> _Task brief_
Pictures aside, the data must be reproduced exactly.

> _Given information_

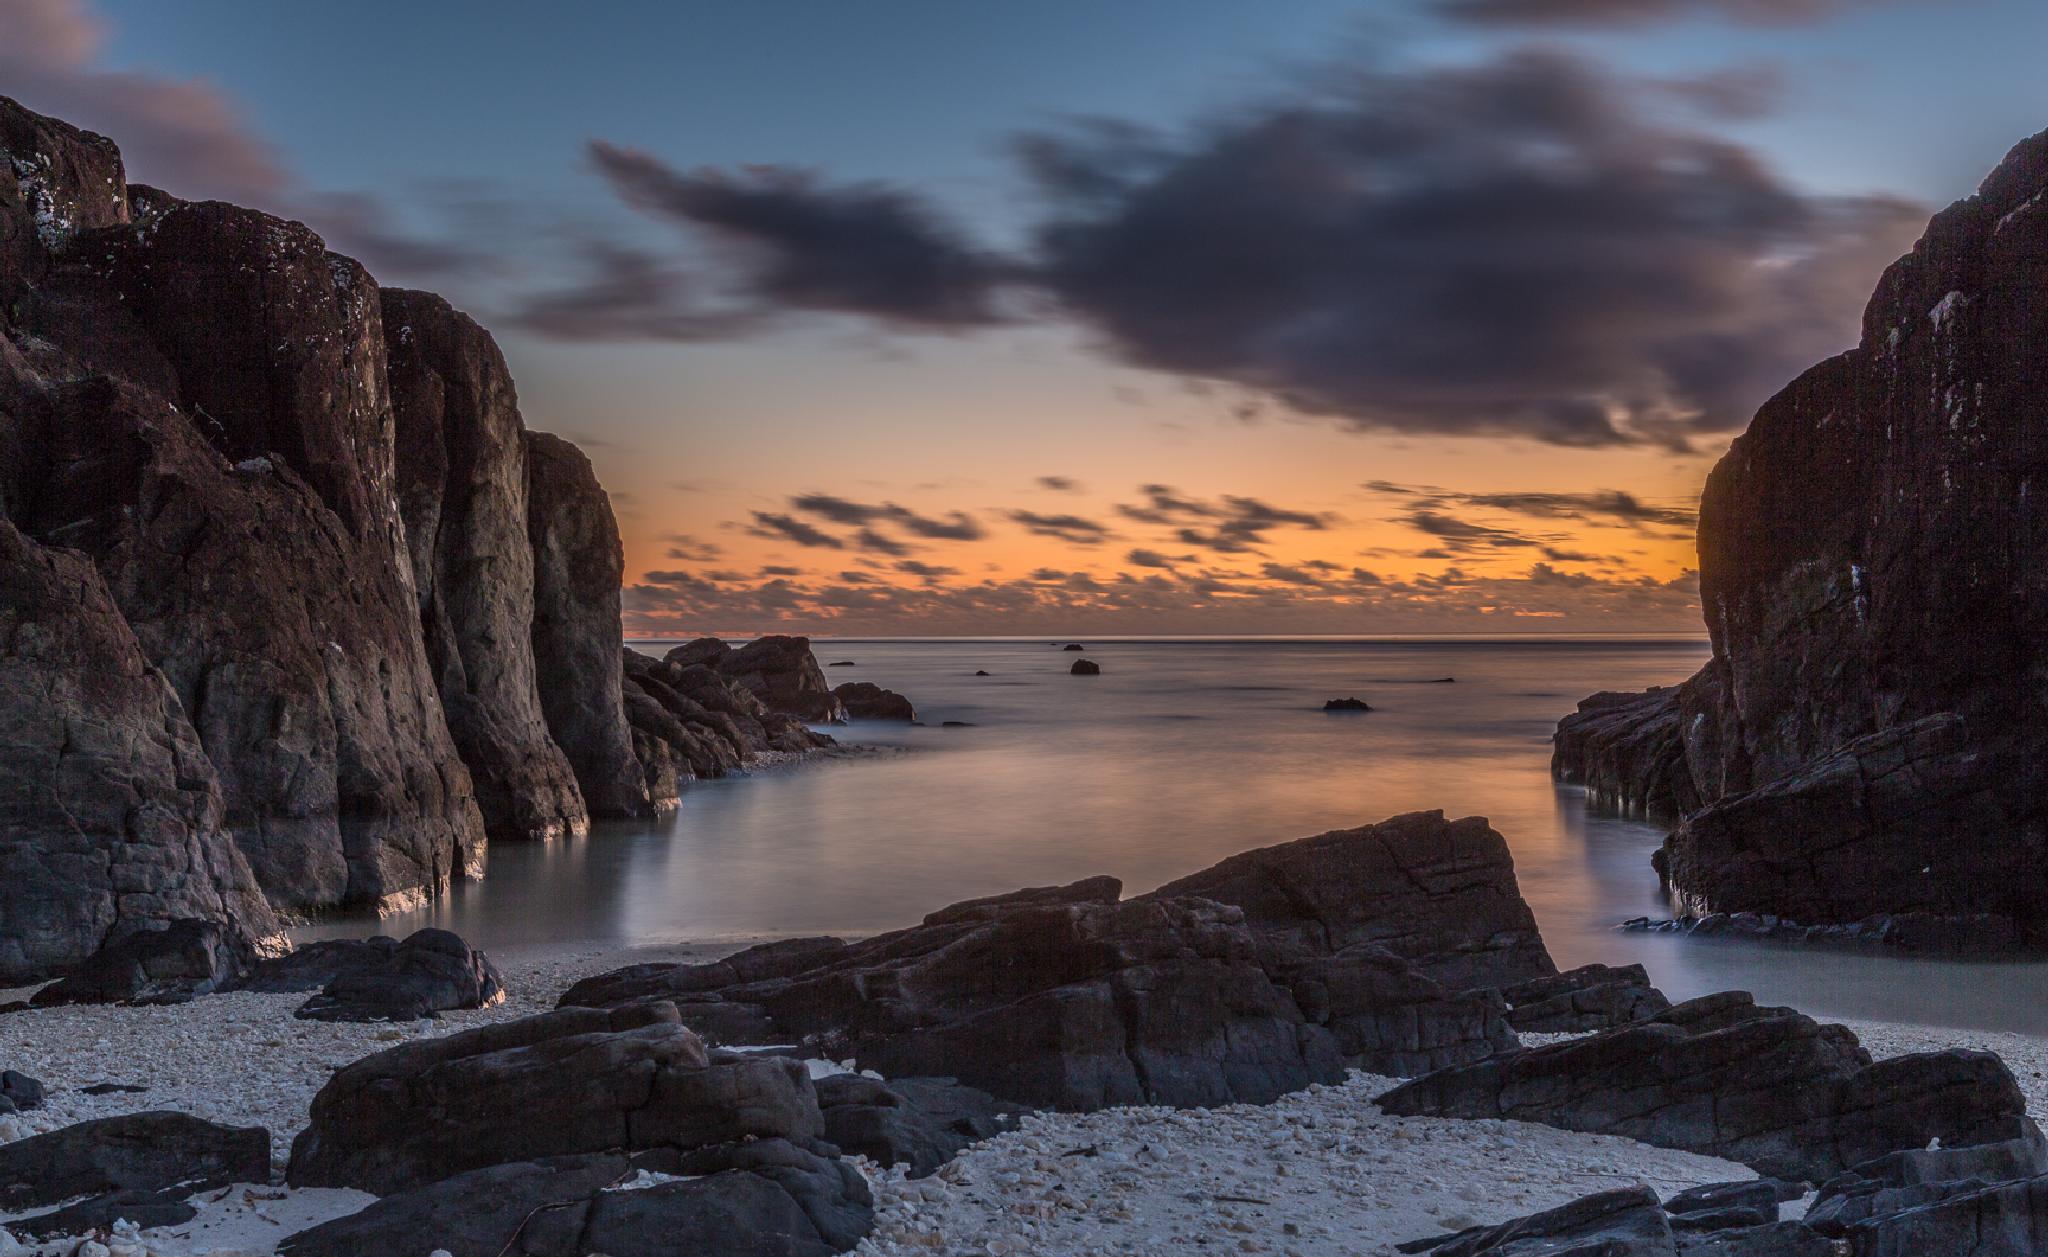 Sunset at Black Rock by sdixon2380
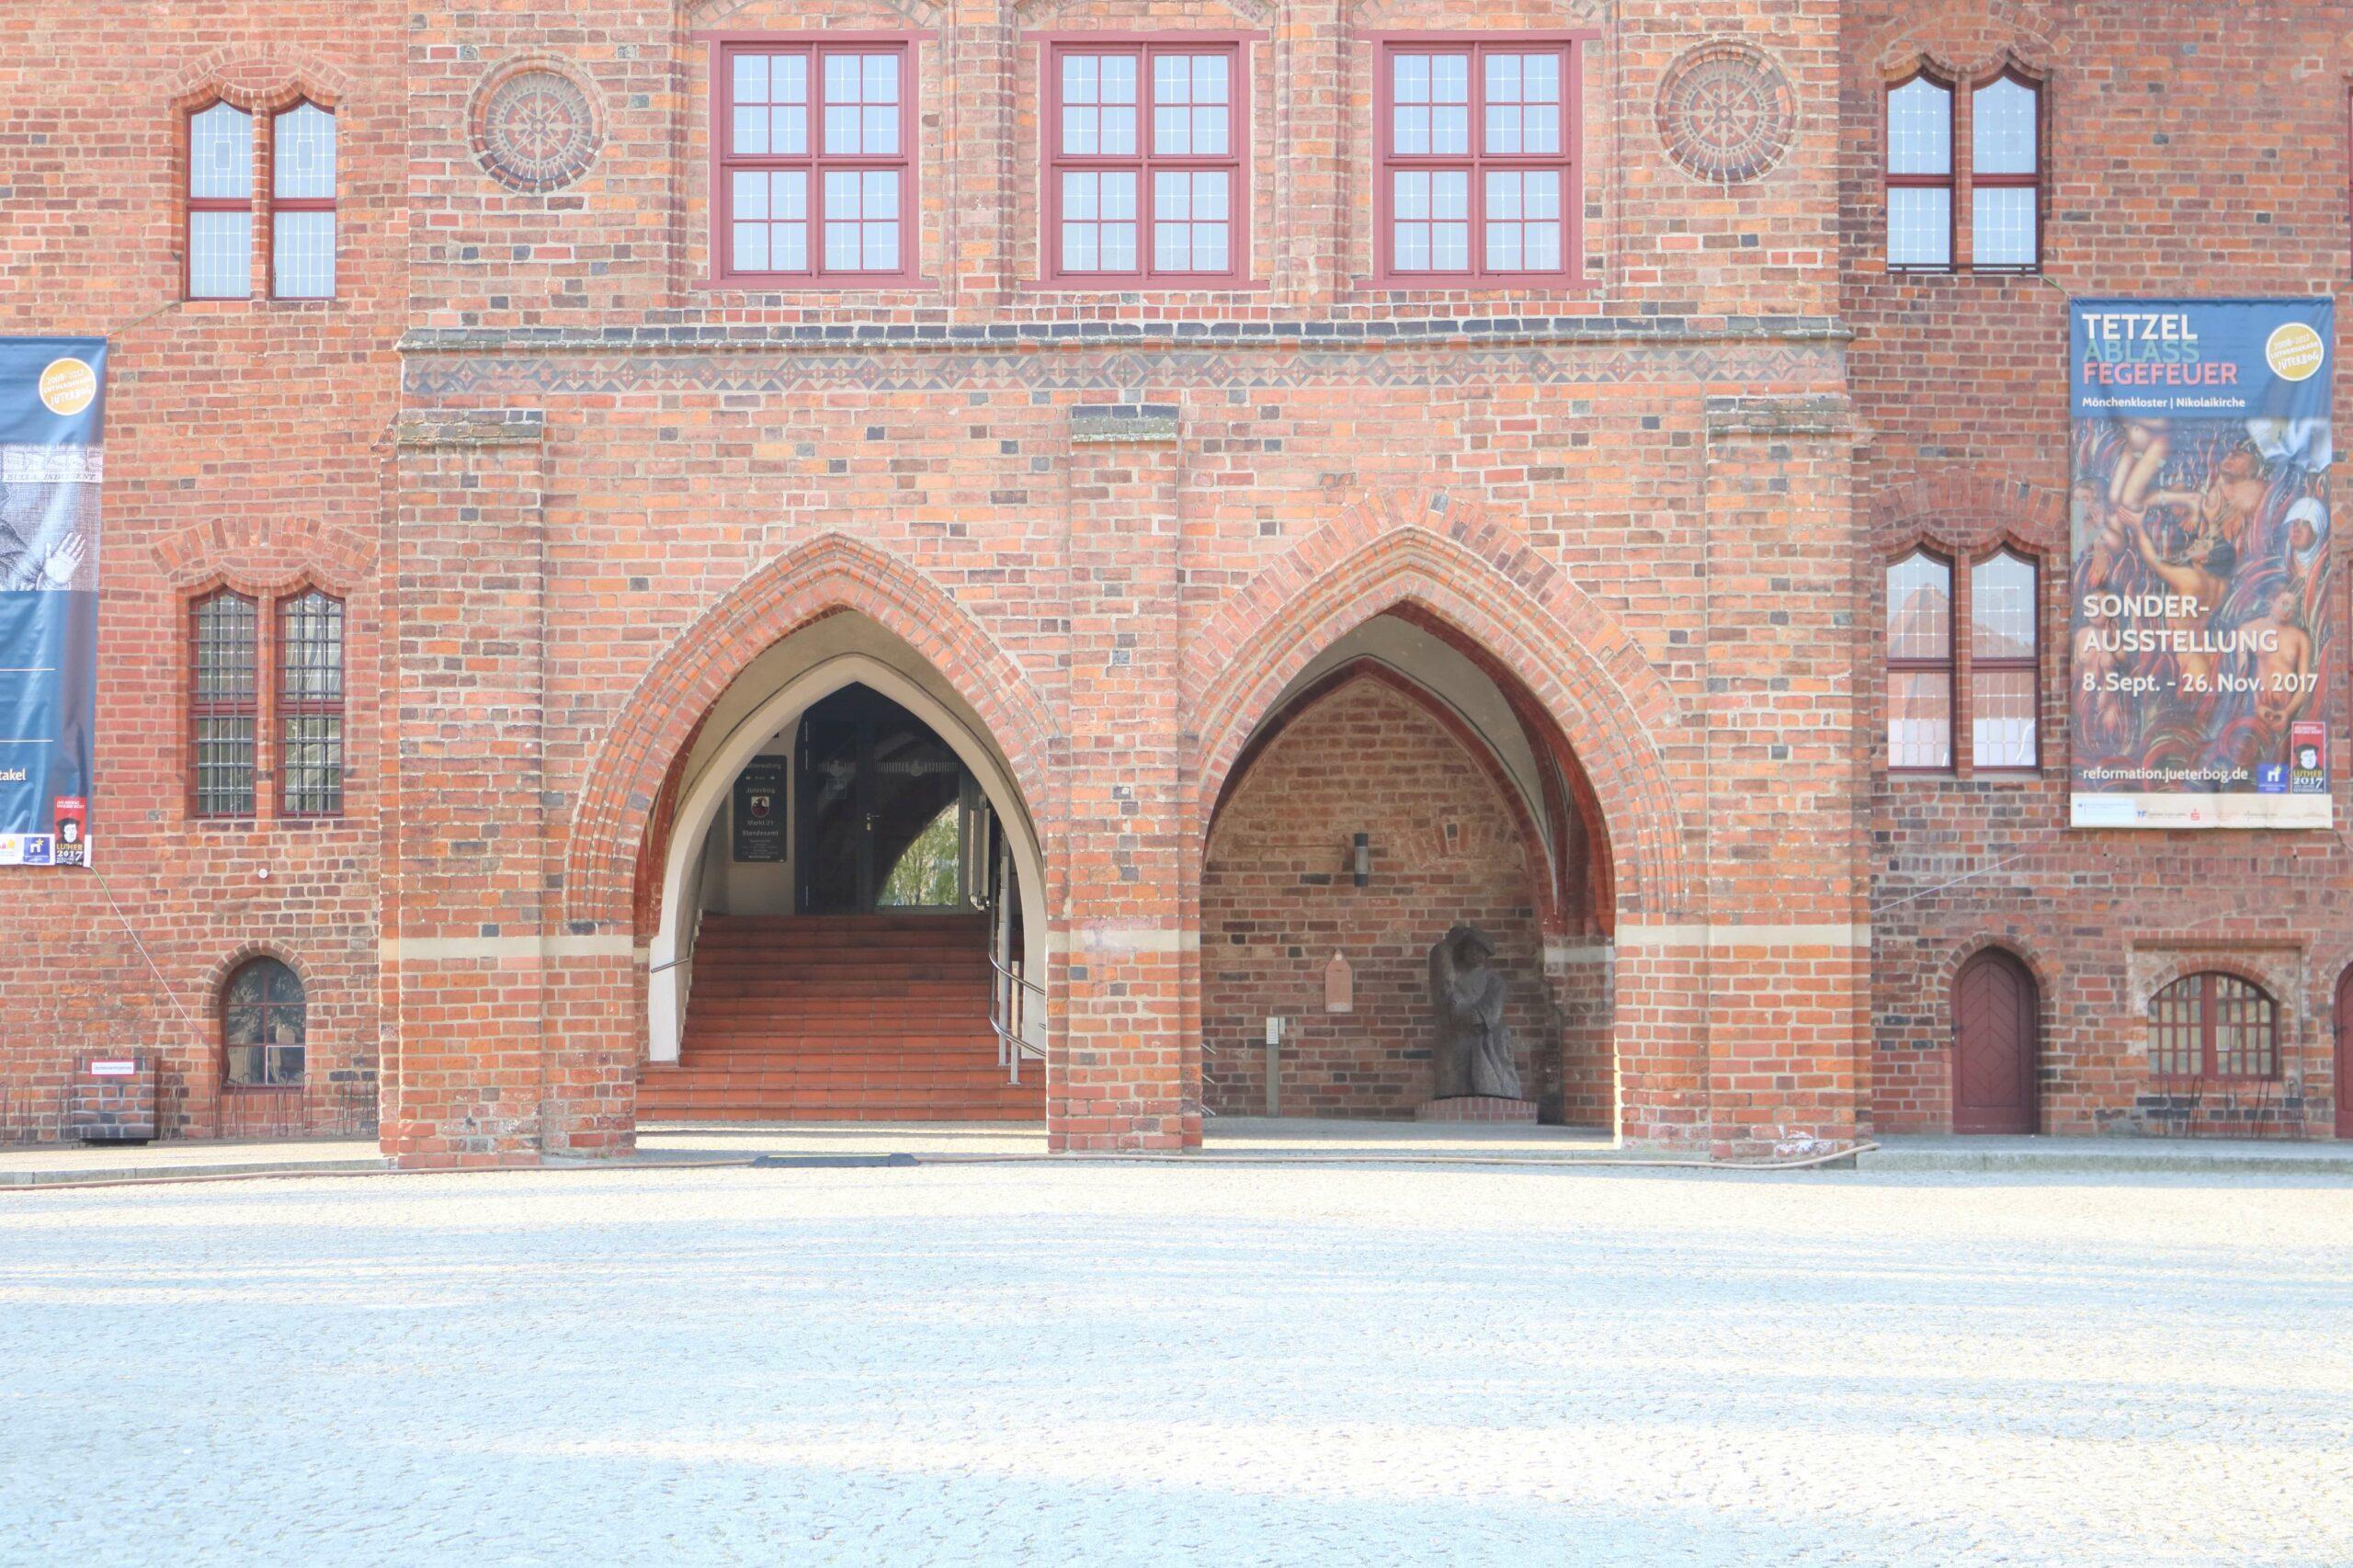 Bürgeramt Jüterbog - Markt 21
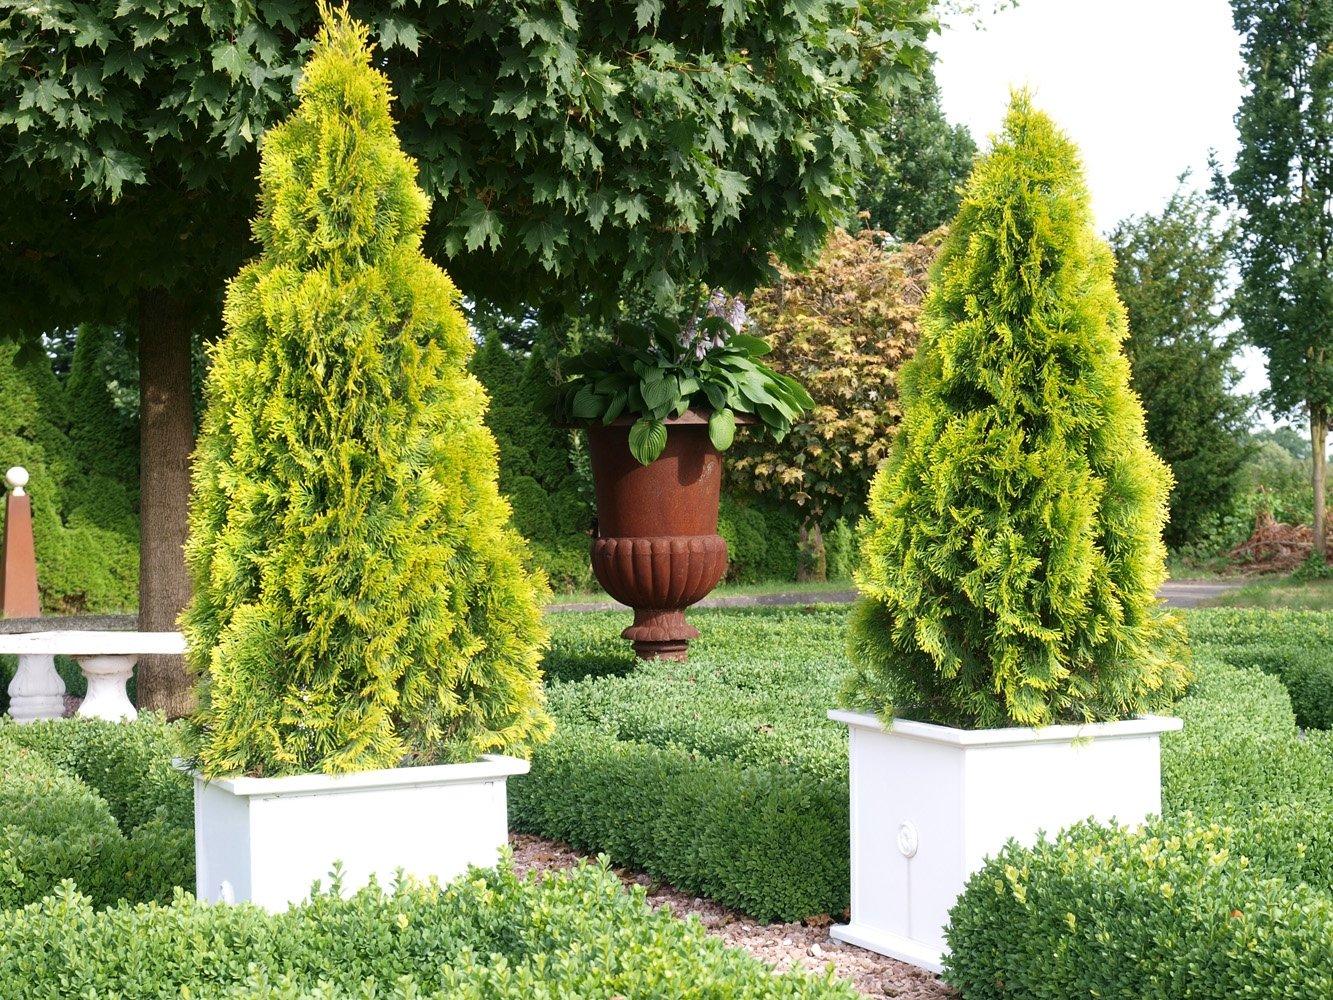 Thuja Smaragd Occidentalis Lebensbaum winterhart & pflegeleicht

> _Exercise response_
 Sunset at Black Rock by sdixon2380
 Bürgeramt Jüterbog - Markt 21
 Thuja Smaragd Occidentalis Lebensbaum winterhart & pflegeleicht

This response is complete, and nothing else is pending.